WHAT TO WORK ON: Output each line of the listing exactly, though pictures are not to appear.
____ DATA EXTRACT
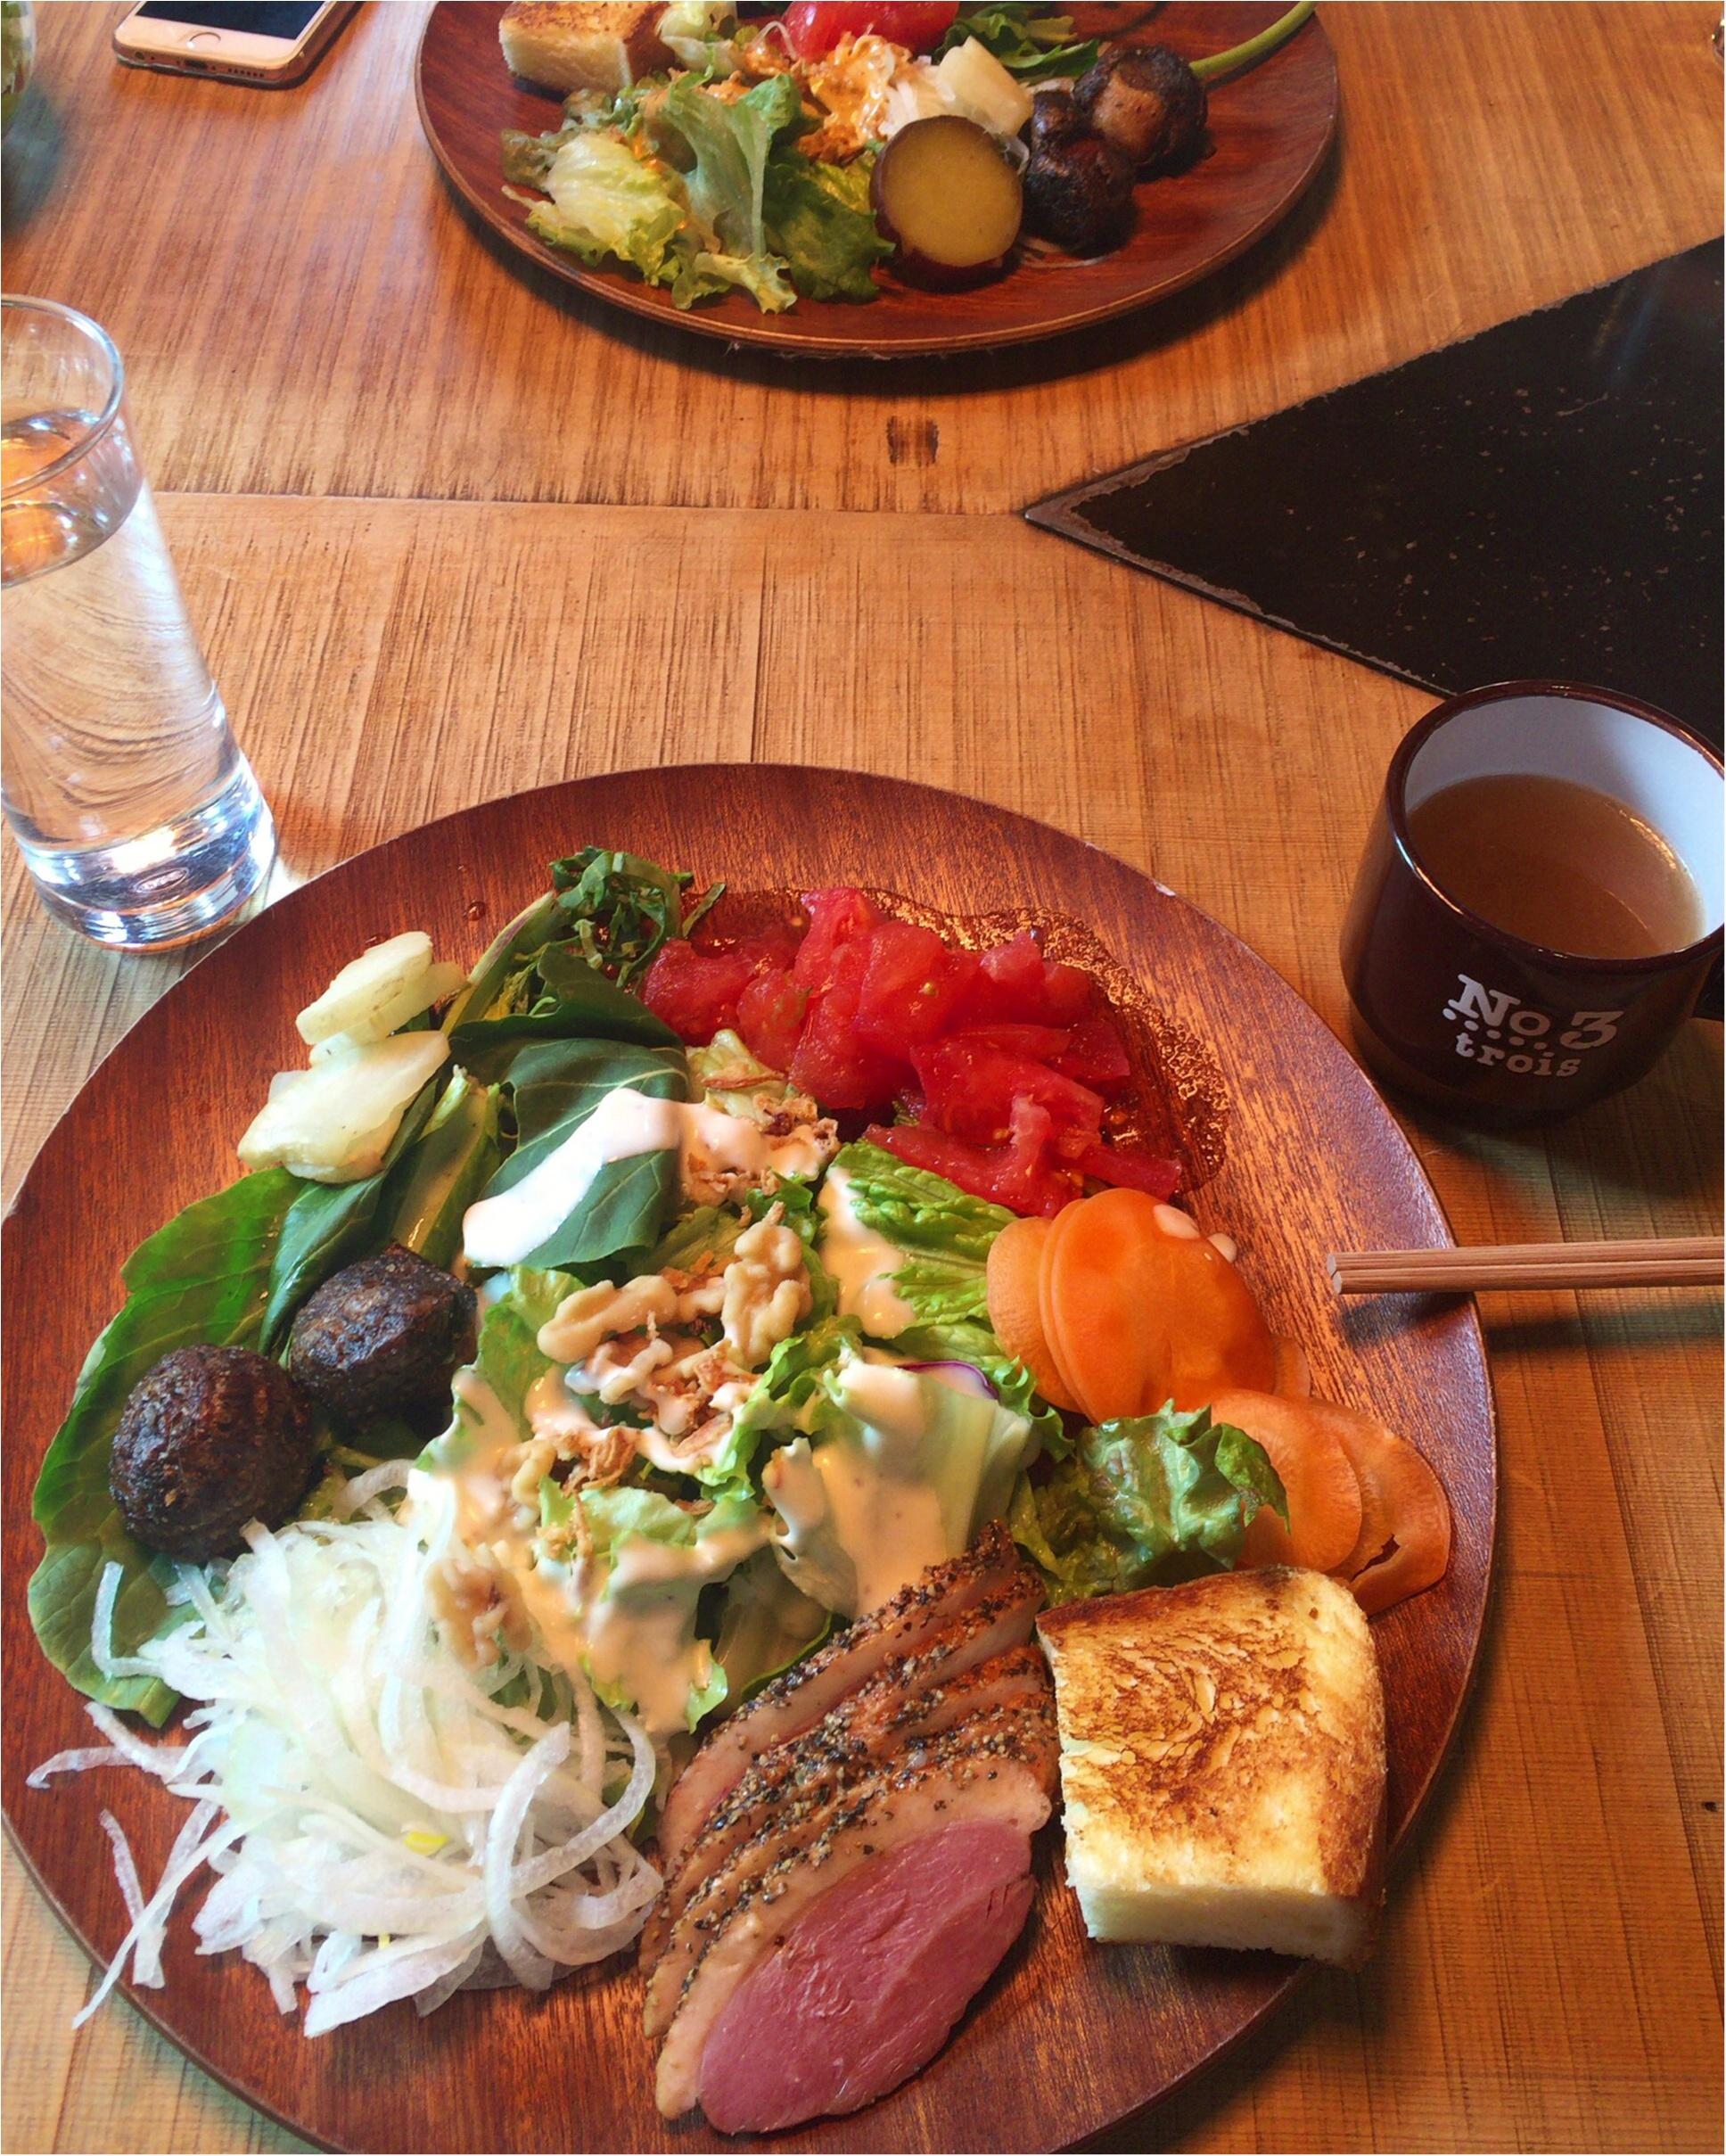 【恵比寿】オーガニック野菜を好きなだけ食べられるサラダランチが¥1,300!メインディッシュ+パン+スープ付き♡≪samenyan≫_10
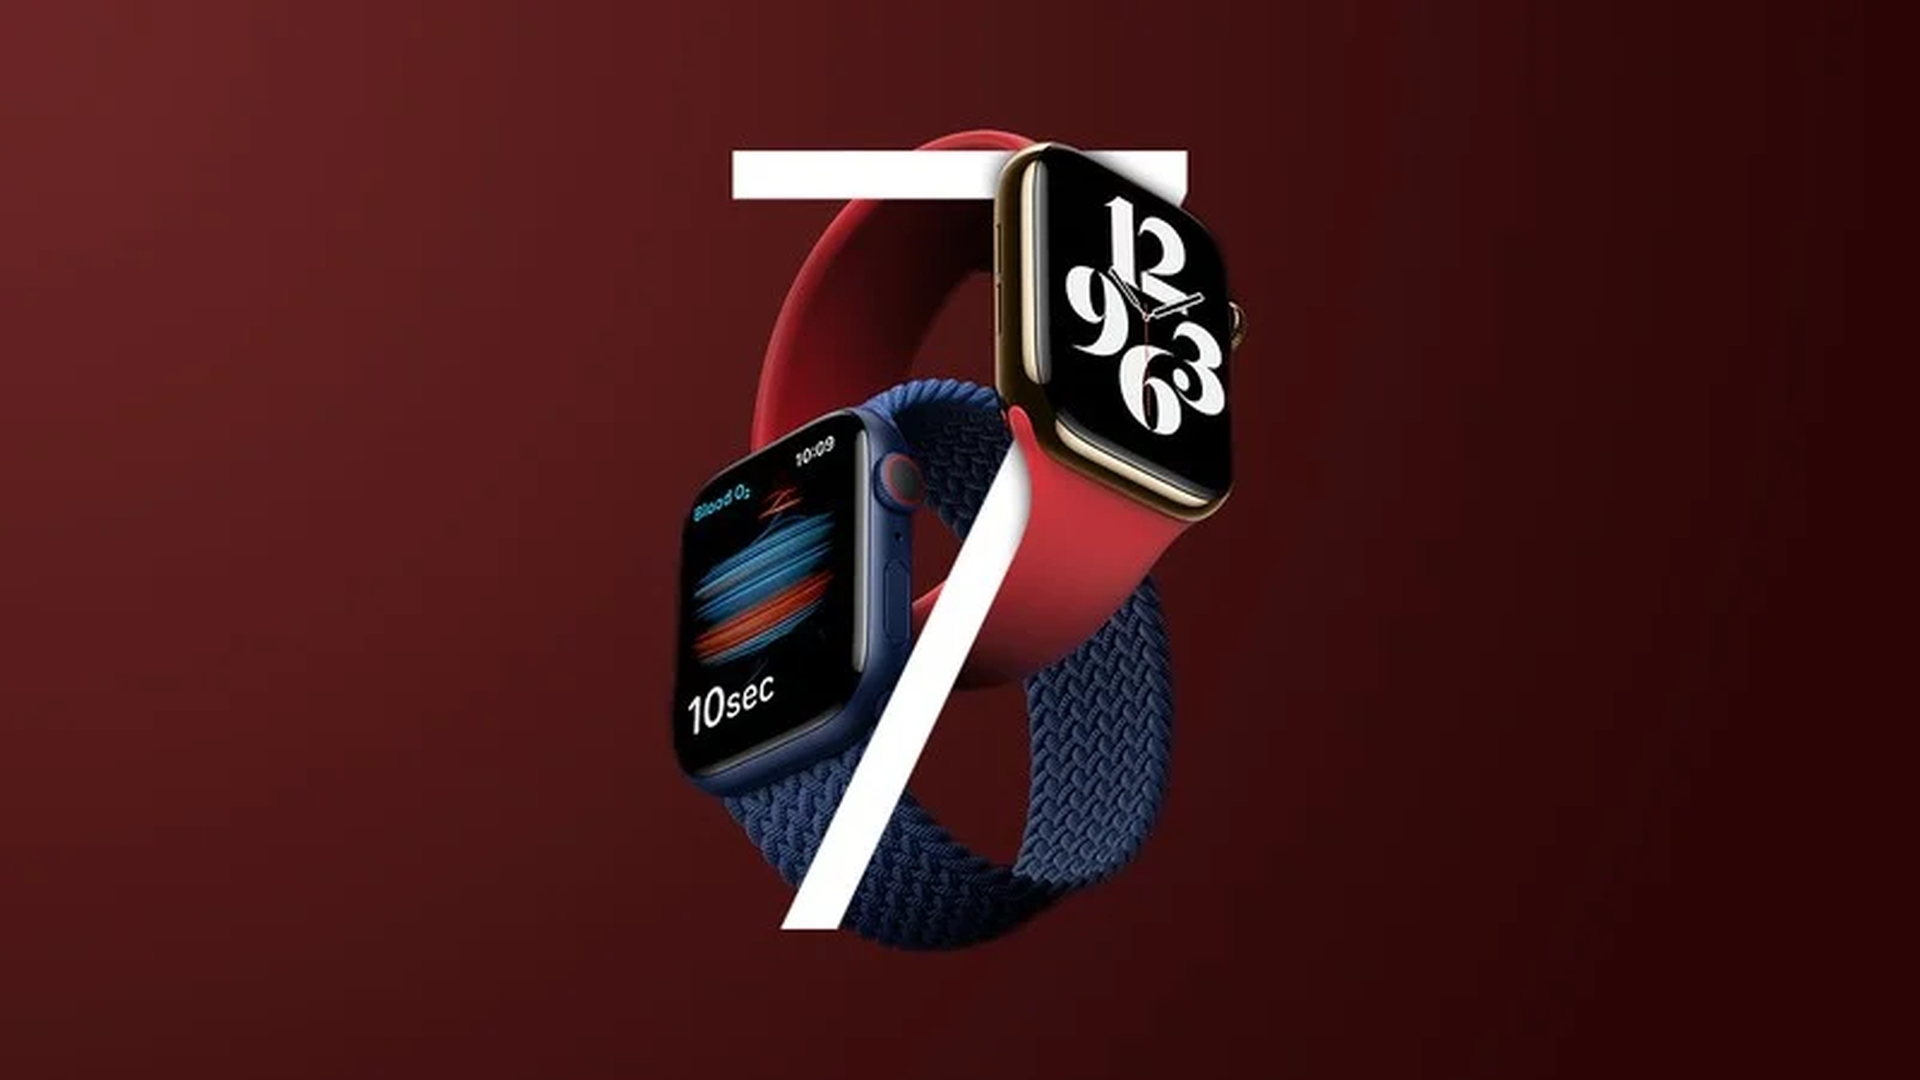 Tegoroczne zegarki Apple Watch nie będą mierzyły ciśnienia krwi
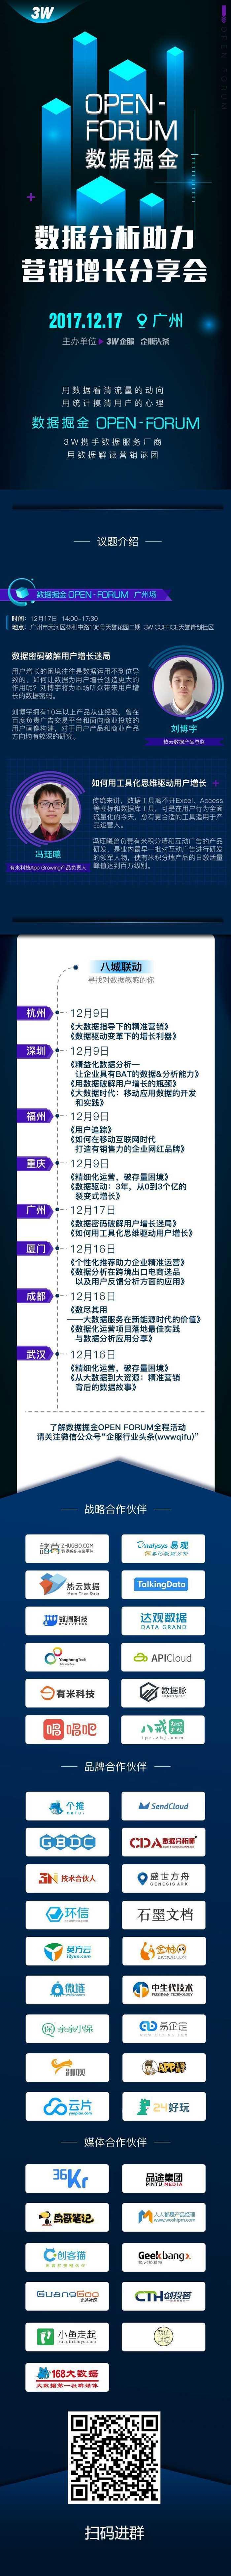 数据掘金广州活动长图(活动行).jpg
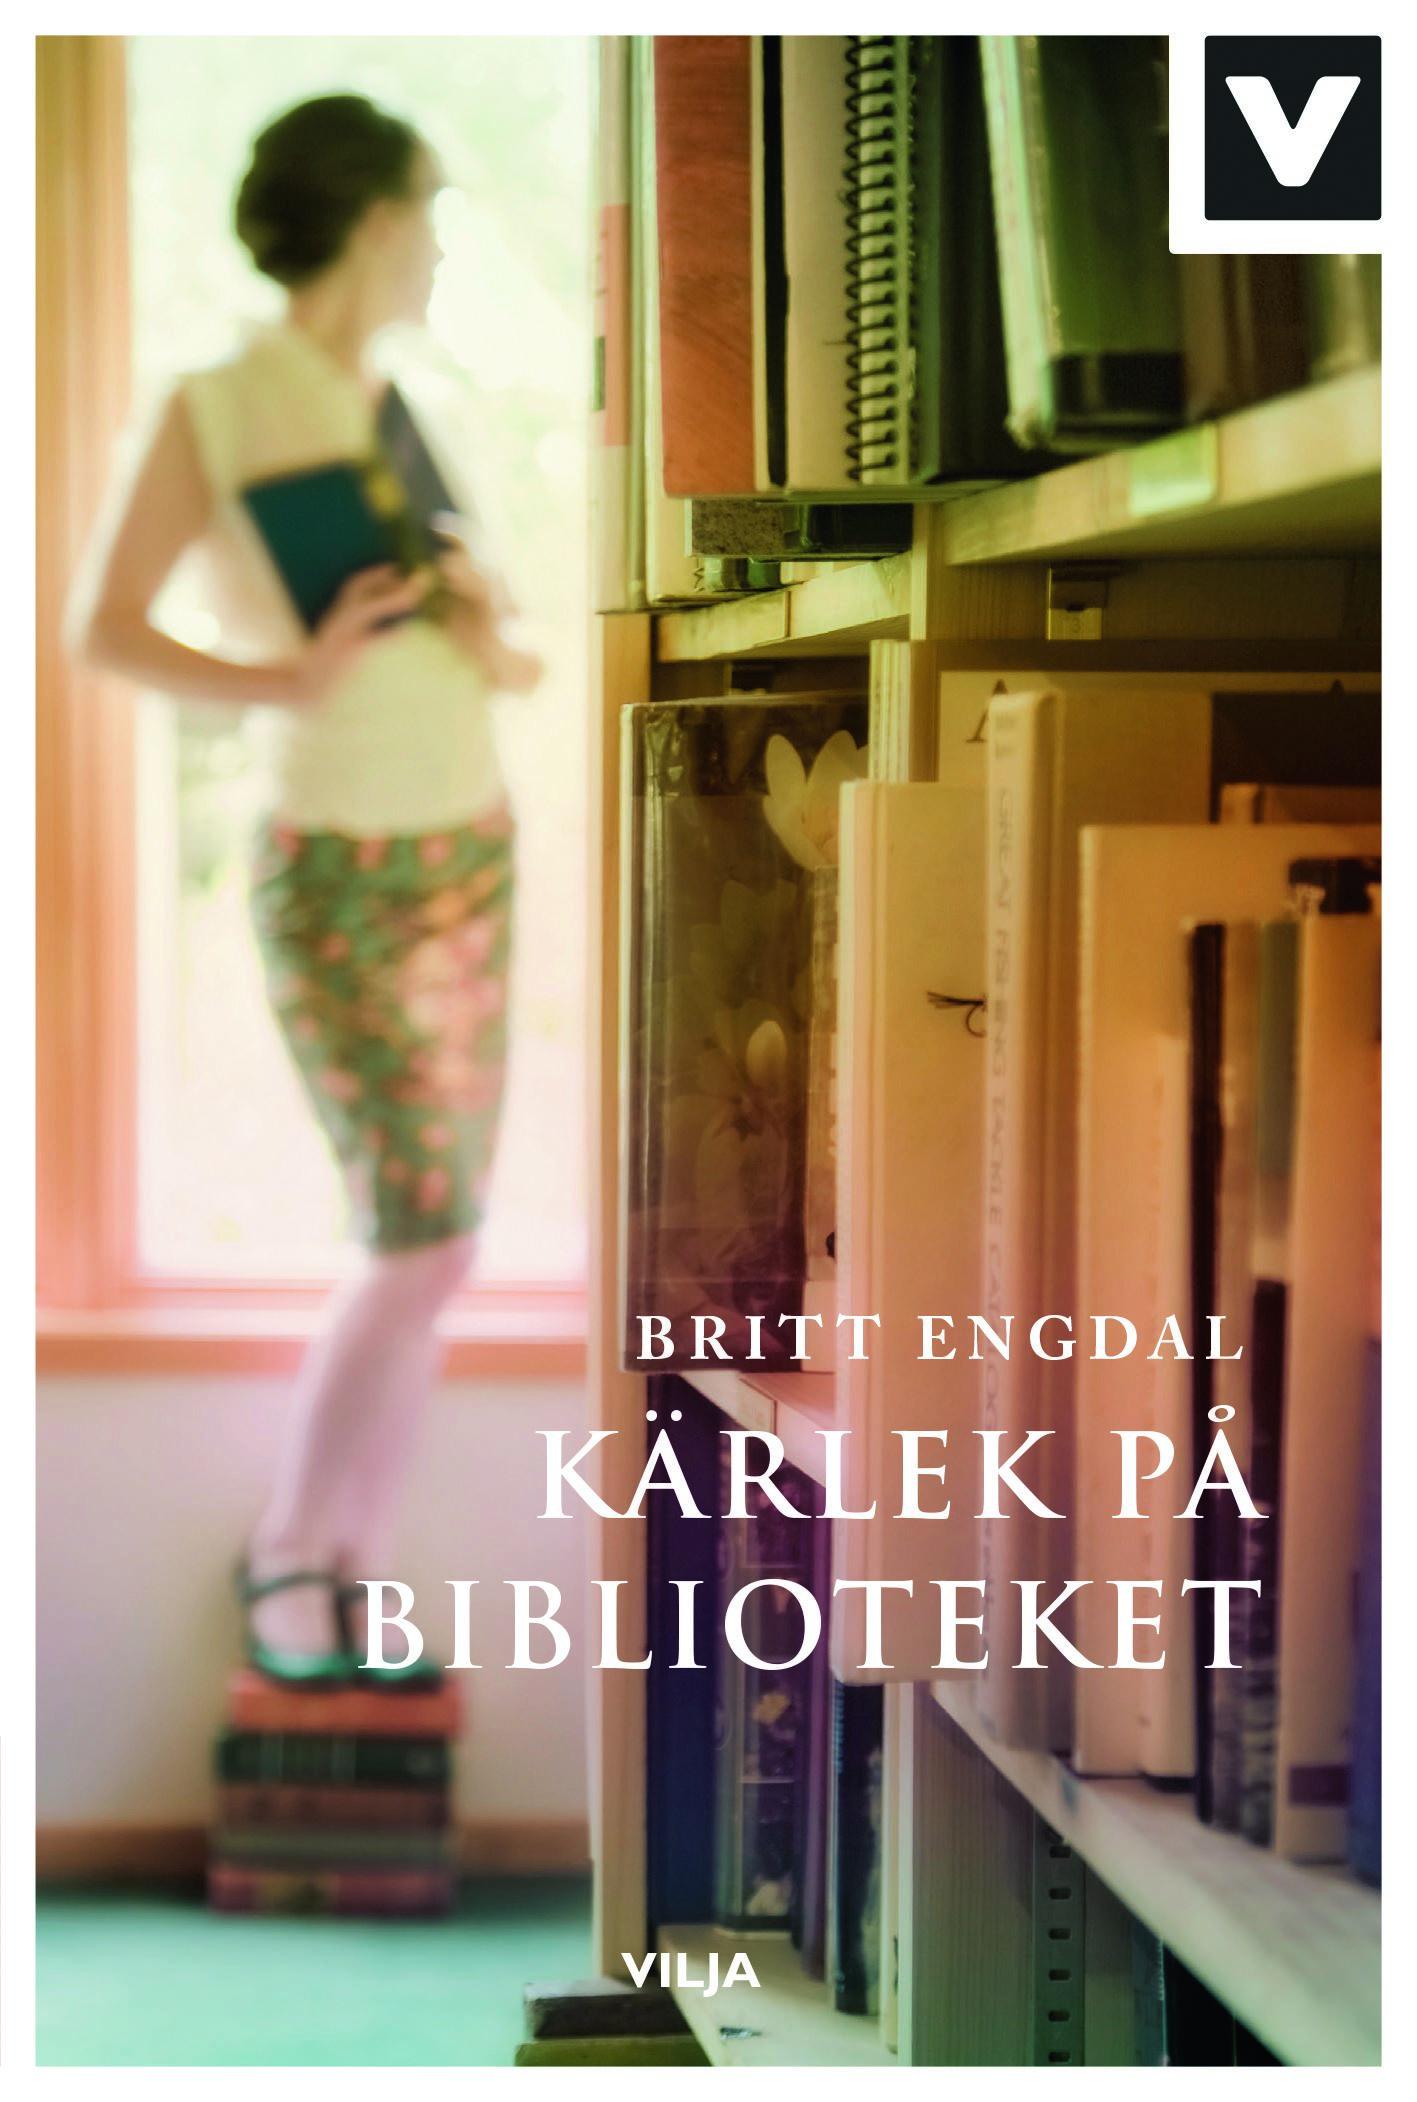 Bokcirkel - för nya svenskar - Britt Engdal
________
RESPONSE TO THIS TASK:
 【恵比寿】オーガニック野菜を好きなだけ食べられるサラダランチが¥1,300!メインディッシュ+パン+スープ付き♡≪samenyan≫_10
 Tegoroczne zegarki Apple Watch nie będą mierzyły ciśnienia krwi
 数据掘金广州活动长图(活动行).jpg
 Bokcirkel - för nya svenskar - Britt Engdal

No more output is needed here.